Bacal studied liberal arts, with emphases on both literature and the history of ideas, as an undergrad at the University of Redlands Johnston Center. She graduated in 1985, and after that, she began working on her Ph.D. at the University of California, San Diego. However, Bacal eventually decided to go into law instead of starting a career as a history professor.

"While I liked the idea of teaching, the emphasis—at least at my school and program—seemed to be on very specialized research, which did not interest me as much," she said.

As a result, she entered the University of Texas School of Law and earned her J.D. in 1991. Following graduation, she joined Gibson, Dunn & Crutcher in its San Diego office, where her practice focused on securities litigation. She remained there until the firm closed its San Diego office in 2000. Bacal joined Baker & McKenzie in its San Diego office that same year and made partner in 2002.

She explained what attracted her to Baker & McKenzie:

"I came from a national firm which, like many others, was trying to establish an international presence. Baker already had that. As a result of this strong international practice, it appeared that there would be many new and different opportunities for a California litigator. Additionally, I knew about the commitment the firm and the San Diego office had to community involvement. I found the combination of a locally and internationally driven and directed firm both interesting and appealing."

She said some of the highlights of her career so far include being elected president of the Lawyers Club of San Diego and making partner at Baker & McKenzie.

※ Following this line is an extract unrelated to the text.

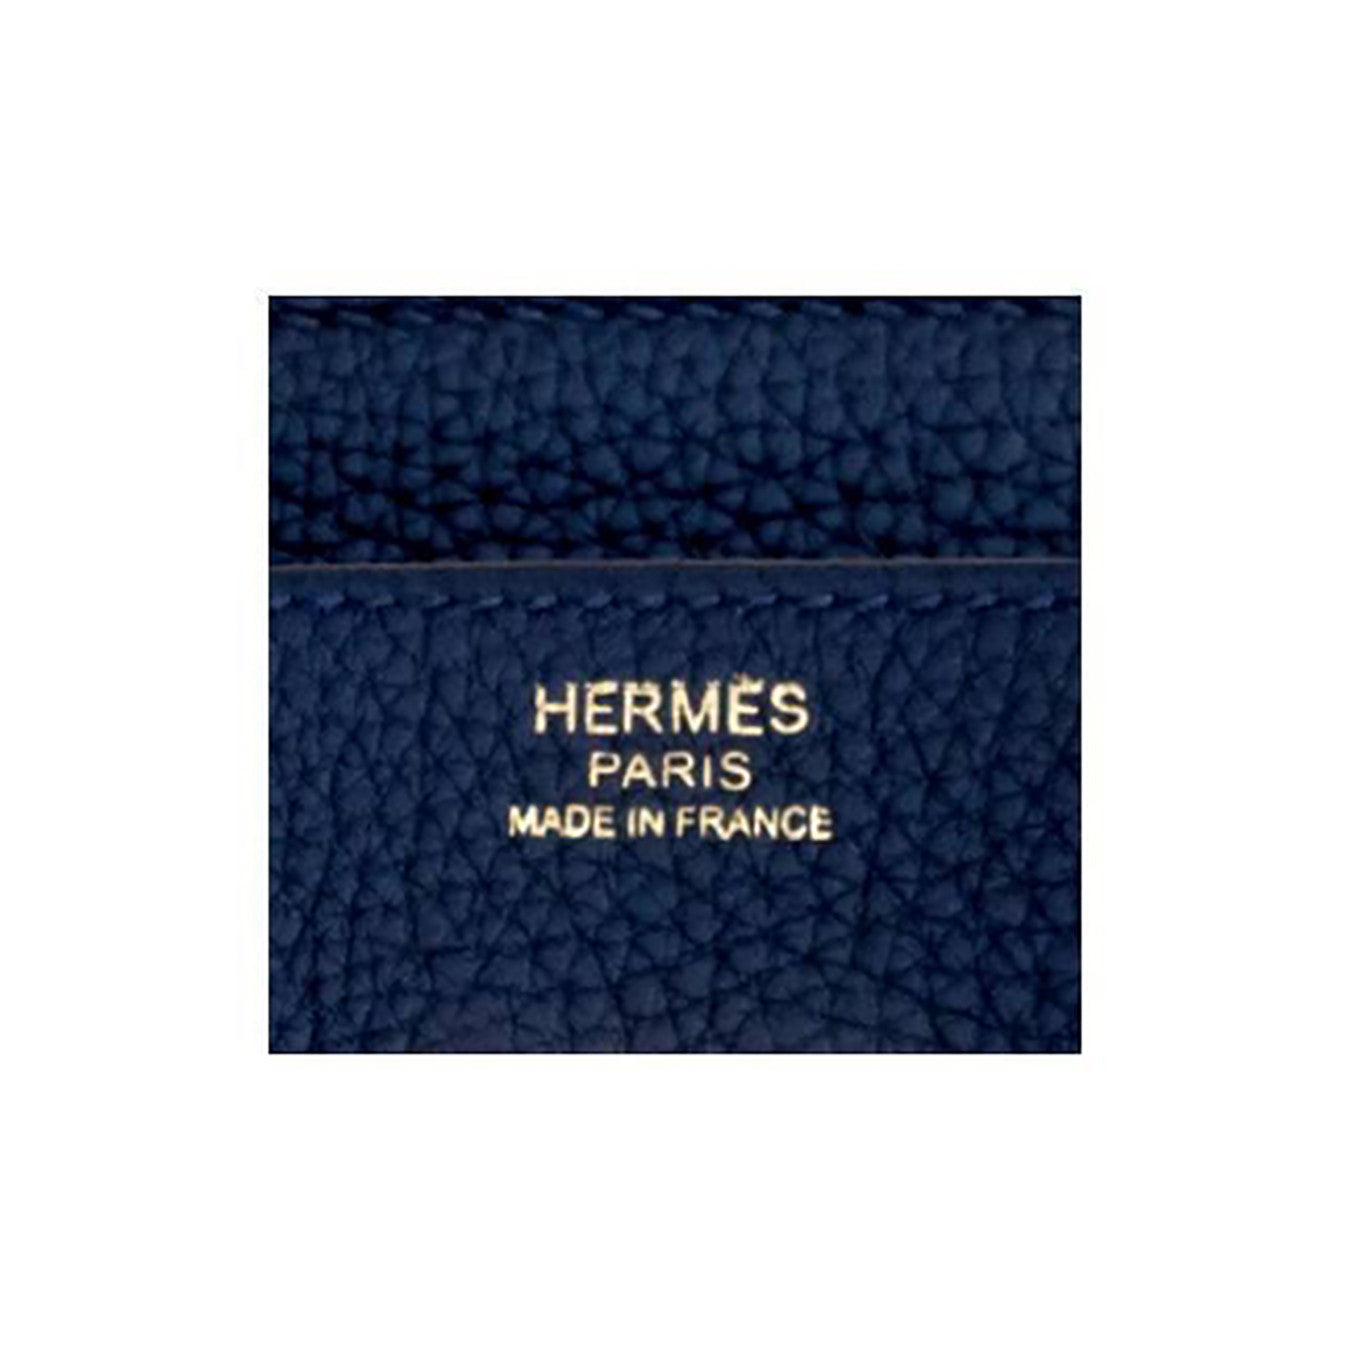 Hermès Birkin Bag 30cm in Bleu Nuit Togo Leather with Gold Hardware –  Sellier

"And last but probably most importantly, having grateful clients who appreciate the representation they received," Bacal added.

She had the following advice for law students:

"Don't forget, in whatever community you practice, it is actually a small world," she said. "Your reputation is priceless. Practicing law is much more fun in a collegial environment. Although litigation is adversarial, it's not warfare. Take the high road because it is the right road. Finally, get involved in community and/or bar activities. It is not only fulfilling; it is also a lot of fun."

Bacal was born and raised in Tucson, Arizona, where her two brothers and two sisters still reside. Her mother, one brother, and one sister are all lawyers in Tucson.

She has been married for 19 years and has three daughters, aged 10, eight, and four. Bacal enjoys spending time with her children; she also likes to run and has completed 12 half marathons. She also enjoys recreational soccer.